Wednesday, July 21st, 2010

Conoeing w/ the lab. Pal splashed me. Idiot tweens w/ one foot outside the raft: give chance a direction.

.: Every year my advisor organizes a canoeing trip down the Delaware river for the whole lab. Canoes this year were occupied by Toey and Pal, Csanad and Kristina, Greg and Simone, and the niece of a former student and me. I believe the niece’s name was Gabriella. She didn’t speak English, so I didn’t get a chance to know that many things about her aside from her suboptimal stroke. Greg had been a counselor at a summer camp and knew his way around a canoe; his undergrad, Simone, couldn’t swim. I still felt like the new guy in the lab and was rather intimidated by Pal at that point, so when he snuck up behind our canoe and splashed me with his paddle, it was a little disorienting. I knew he liked to crack jokes in lab, but I hadn’t reached the point where I dared crack my own. I like to think the turning point was when I unleashed the fury and splashed the hell out of his canoe. Toey, unfortunately, was collateral damage, but you know how these things go.

Thursday, July 22nd, 2010

Designed Sulfur Gene for Maize and Sylvestris. Told Pal a dick joke.

.: It’s hard to believe it’s been a year since designing the sulfur gene.
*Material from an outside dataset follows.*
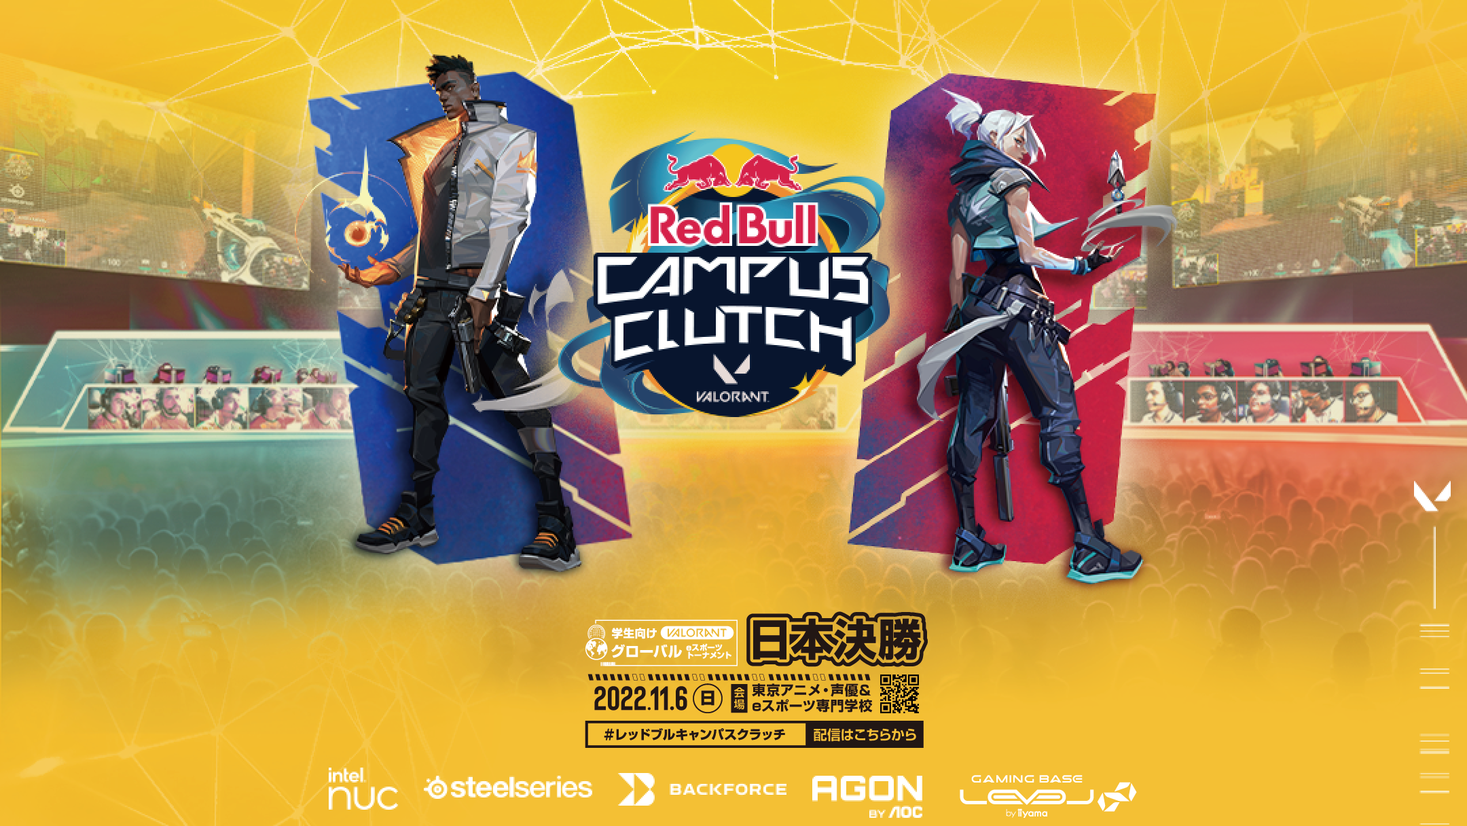 Red Bull Campus Clutch日本決勝、11月6日（日）12:00よりTwitch

I still haven’t had success with it in the lab, but hopefully that will change in the very near future (I was going to italicize “very”, but that seems excessive).

.: I don’t remember what the dick joke was. It seems weird that it was good enough to write about but not good enough to write down. I was probably nervous that he wouldn’t get it. Have I mentioned that my brother unwittingly told a dick joke to George H.W. Bush?

Scent of a Candle

Posted By on July 16, 2011

.: The label on the candle said “Fireside”. Not one to simply take a candle at its word, I leaned over the tiny dancing flame for a confirmatory sniff. It didn’t quite smell like the roaring fireside I imagined it to be (which, to be honest, is a little ambitious for a 4 oz candle), but I did notice an unusual crackling sound coming from the candle. The weird thing about the crackling was how quickly it increased in volume as I leaned closer and how fast it quieted as I leaned back.

.: My scientific curiosity kicked in, and I successfully recreated the sound every time I leaned in. After the fourth replication, I noticed the candle really didn’t smell like a fireside at all, but instead possessed a remarkable similarity to burnt keratin.